Шаламов и сам в другом
месте пишет: ведь не стану же я доносить на других! ведь не стану же я
бригадиром, чтобы заставлять работать других.
А отчего это, Варлам
Тихонович? Почему это вы вдруг не станете стукачом или бригадиром, раз никто в
лагере не может избежать этой наклонной горки растления? Раз правда и ложь —
родные сёстры? Значит, за какой-то сук вы уцепились? В какой-то камень вы
упнулись — и дальше не поползли? Может, злоба всё-таки — не самое долговечное
чувство? Своей личностью и своими стихами не опровергаете ли вы собственную
концепцию?
А как сохраняются в
лагере (уж мы прикасались не раз) истые религиозные люди? На протяжении этой
книги мы уже замечали их уверенное шествие через Архипелаг — какой-то
молчаливый крестный ход с невидимыми свечами. Как от пулемёта падают среди них
— и следующие заступают, и опять идут. Твёрдость, не виданная в XX веке! И как
нисколько это не картинно, без декламации. Вот какая-нибудь тётя Дуся Чмиль —
круглолицая спокойная совсем неграмотная старушка. Окликает конвой:
— Чмиль! Статьи!
Она мягко незлобливо
отвечает:
— Да что ты, батюшка,
спрашиваешь?
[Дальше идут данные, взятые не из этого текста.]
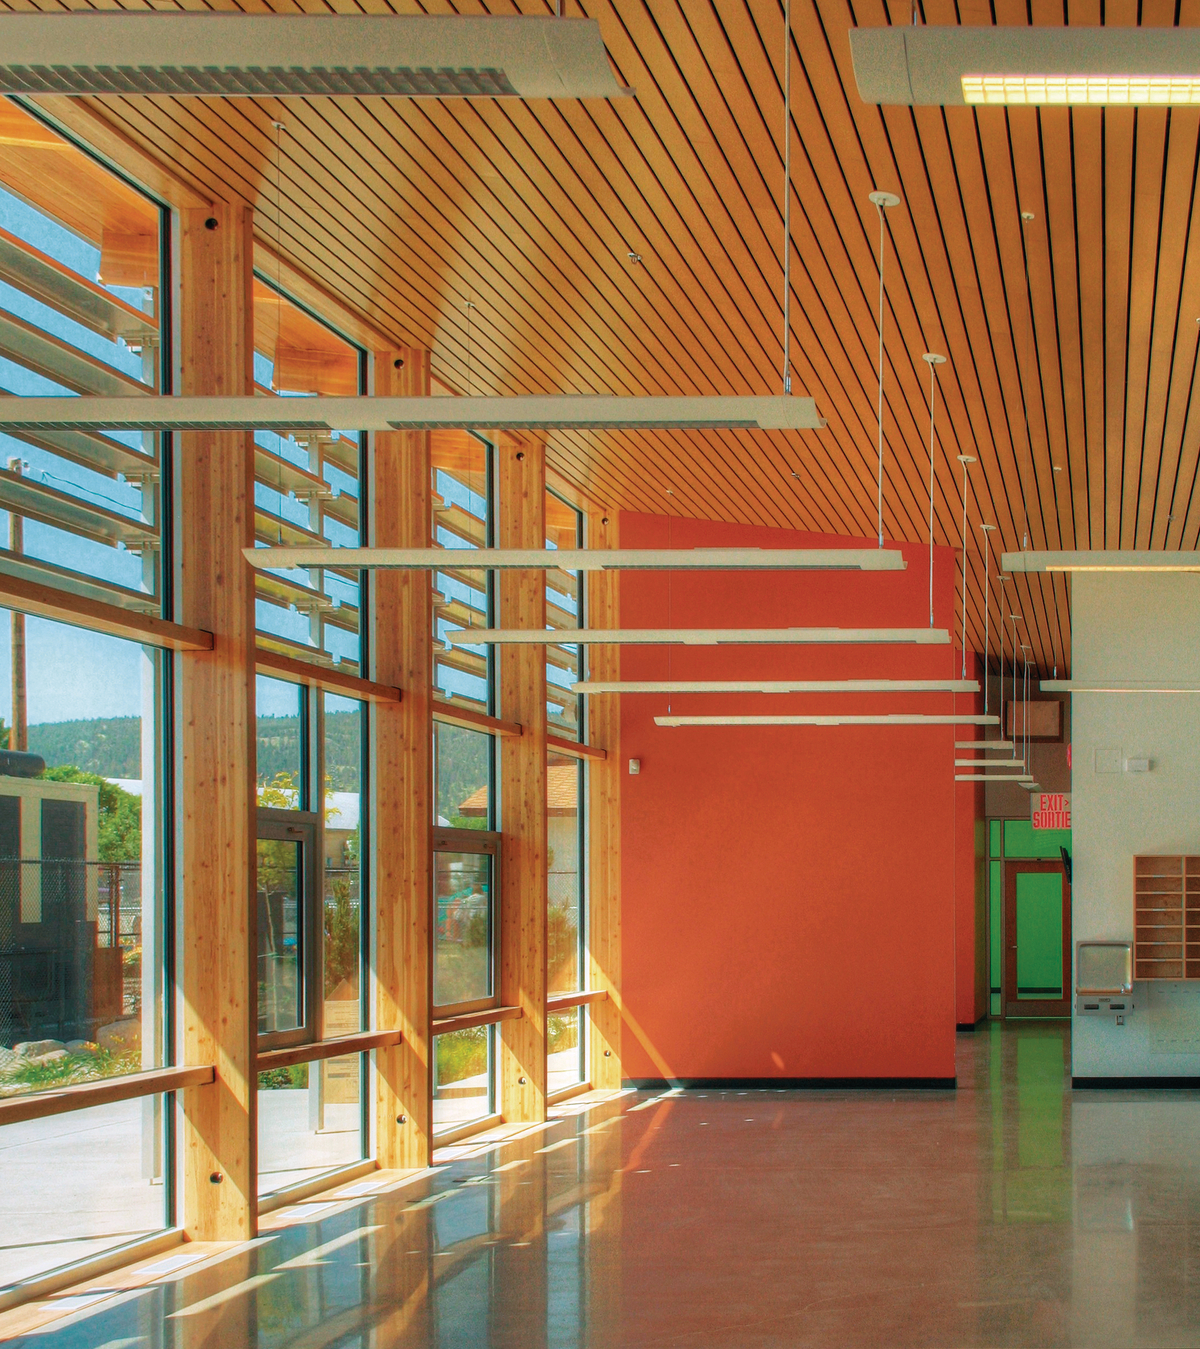 室内阳光明媚的白天景观突出了垂直块状木柱的使用，以及木装饰和装饰尺寸的木材天花板，位于新完成的Summerland RCMP支队内

Там же написано, я всех не помню. — (У неё — букет из пунктов
58-й.)
— Срок!
Вздыхает тётя Дуся.
Она не потому так сбивчиво отвечает, чтоб досадить конвою. Она простодушно
задумывается над этим вопросом: срок? Да разве людям дано знать сроки?..
— Какой срок!.. Пока
Бог грехи отпустит — потоль и сидеть буду.
— Дура ты дура! —
смеётся конвой. — Пятнадцать лет тебе, и все отсидишь, ещё, может, и больше.
Но проходит два с
половиной года её срока, никуда она не пишет — и вдруг бумажка: освободить!
Как не позавидовать
этим людям? Разве обстановка к ним благоприятнее? Едва ли! Известно, что
«монашек» только и держали с проститутками и блатными на штрафных ОЛПах. А
между тем кто из верующих — растлился? Умирали — да, но — не растлились?
А как объяснить, что
некоторые шаткие люди именно в лагере обратились к вере, укрепились ею и выжили
нерастленными?
И многие ещё,
разрозненные и незаметные, переживают свой урочный поворот и не ошибаются в
выборе. Те, кто успевают заметить, что не им одним худо, — но рядом ещё хуже,
ещё тяжелей.
А все, кто под угрозой
штрафной зоны и нового срока — отказались стать стукачами?
Как вообще объяснить
Григория Ивановича Григорьева, почвоведа? Учёный, добровольно пошёл в 1941 году
в народное ополчение, дальше известно — плен под Вязьмою. Весь плен немецкий
провёл в лагере. Дальше известно — посажен у нас. Десятка. Я познакомился с ним
зимою на общих работах в Экибастузе. Прямота так и светилась из его крупных
спокойных глаз, какая-то несгибаемая прямота. Этот человек никогда не умел
духовно гнуться — и в лагере не согнулся, хотя из десяти лет только два работал
по специальности и почти весь срок не получал посылок. Со всех сторон в него
внедряли лагерную философию, лагерное тление, но он не способился усвоить. В
кемеровских лагерях (Антибесс) его напорно вербовал опер. Григорьев ответил
вполне откровенно: «Мне противно с вами разговаривать. Найдётся у вас много
охотников и без меня». — «На карачках приползёшь, сволочь!» — «Да лучше на
первом суку повешусь». И послан был на штрафной. Вынес там полгода. — Да что,
он делал ошибки ещё более непростительные: попав на сельхозкомандировку,
он отказался от предложенного (как почвоведу) бригадирства! — с усердием же
полол и косил. Да ещё глупей: в Экибастузе на каменном карьере он отказался
быть учётчиком — лишь по той причине, что пришлось бы для работяг приписывать
тухту, за которую потом, очнувшись, будет расплачиваться (да ещё будет ли?)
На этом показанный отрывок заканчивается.